US human rights group condemns ‘unlawful’ US strike on boat in the Caribbean

A recent U.S. military strike against a vessel in the Caribbean Sea that left four people dead has drawn sharp rebuke from one of the country’s leading independent human rights organizations, which is calling for an immediate end to the covert lethal operation campaign. Human Rights Watch (HRW), a New York-based global human rights monitoring group, issued the condemnation Friday, arguing that the fatal attack is far from an isolated mistake — it is the latest example of a years-long pattern of unlawful extrajudicial killing carried out by U.S. forces outside recognized war zones.

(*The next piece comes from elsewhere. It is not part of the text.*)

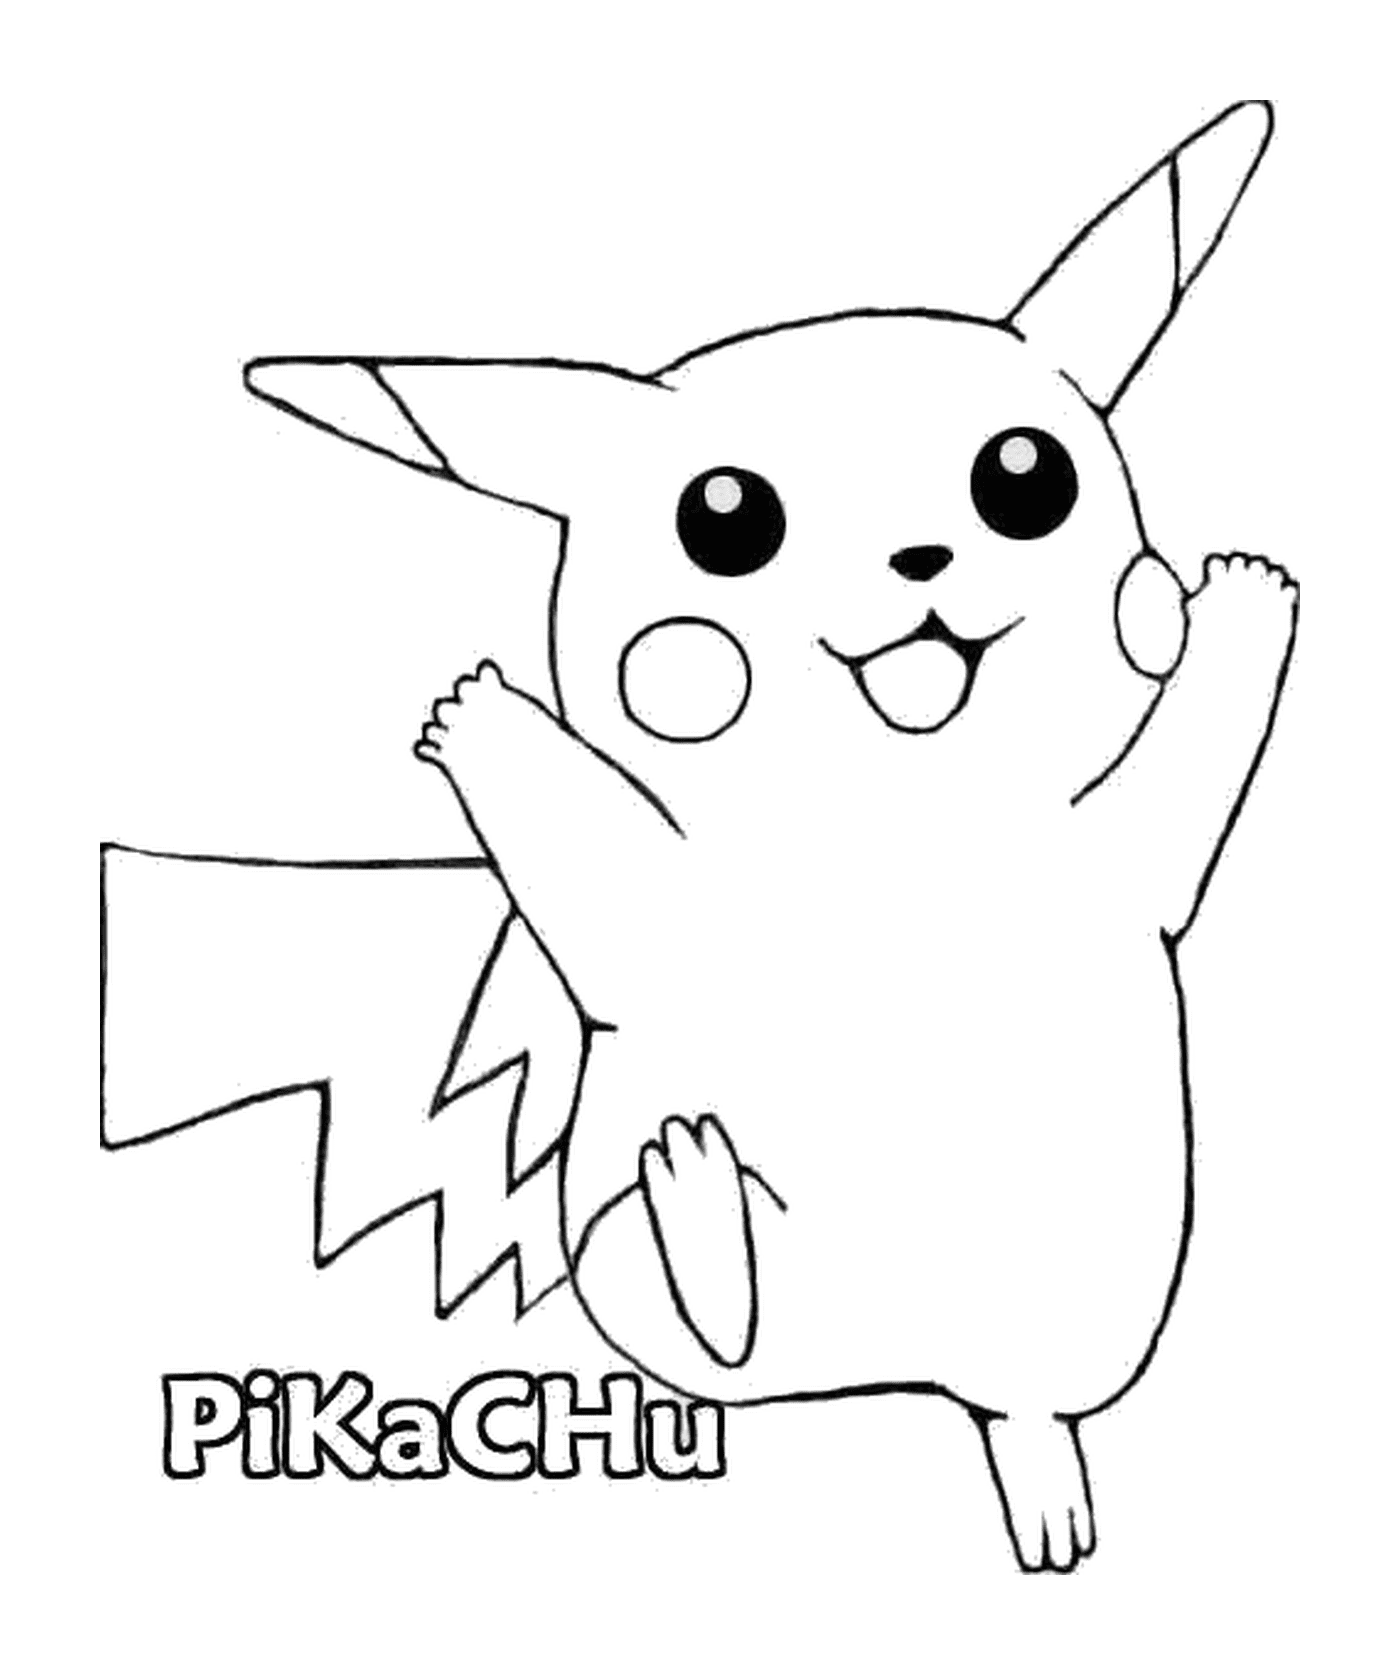  Pikachu : Adorable electric mouse

Details of the strike were first released by U.S. Southern Command (Southcom), the Miami-headquartered military command responsible for operations across Latin America and the Caribbean, in a March 25 statement. According to the command’s official account, the lethal kinetic operation targeting the vessel was ordered by Marine General Francis L. Donovan, head of U.S. Southern Command, and carried out by the joint task force branded Southern Spear. The target vessel, Southcom claimed, was linked to officially designated terrorist groups, was traveling along well-documented narcotics smuggling corridors in the Caribbean, and was actively engaged in drug trafficking operations at the time of the strike. The command confirmed four male individuals described as “narco-terrorists” were killed in the action, and added that no U.S. military personnel were injured during the operation.

The attack marked the 47th lethal strike conducted by the U.S. military in counter-narcotics operations across the Caribbean and Pacific oceans, a campaign that has now claimed the lives of 163 people since its launch, according to data compiled by HRW. Sarah Yager, the organization’s Washington D.C. director, emphasized that the steady drumbeat of these strikes has created a systemic pattern of illegal force that has gone largely unexamined by the public and policymakers.

“These strikes aren’t one-off incidents, they’re part of a pattern of using military force where the law does not permit it, over and over again,” Yager said. “The fact that these strikes have faded from public attention does not make these violations any less grave or unlawful.”

HRW’s legal argument centers on a clear distinction laid out in international law between military operations in active armed conflict and civilian law enforcement actions. The organization stresses that the U.S. is not involved in any formal armed conflict with drug trafficking organizations operating in the Caribbean or Pacific, which means no suspected traffickers qualify as legitimate military targets under international legal standards. Outside of a declared armed conflict, the deliberate use of lethal force is only legally permissible when it is strictly necessary to defend against an immediate threat to human life. To date, the U.S. government has not released any public evidence demonstrating that any of the 163 people killed in these strikes posed an imminent lethal threat to anyone, HRW says, meaning the killings amount to unlawful extrajudicial executions.

The organization is calling on the sitting Trump administration to take immediate action to address the pattern of abuse: first, to halt the entire campaign of extrajudicial lethal strikes immediately, and second, to launch a full accountability process that includes investigating the unlawful killings, conducting formal assessments of harm to the victims and their surviving families, and providing appropriate legal and financial redress for the violations committed.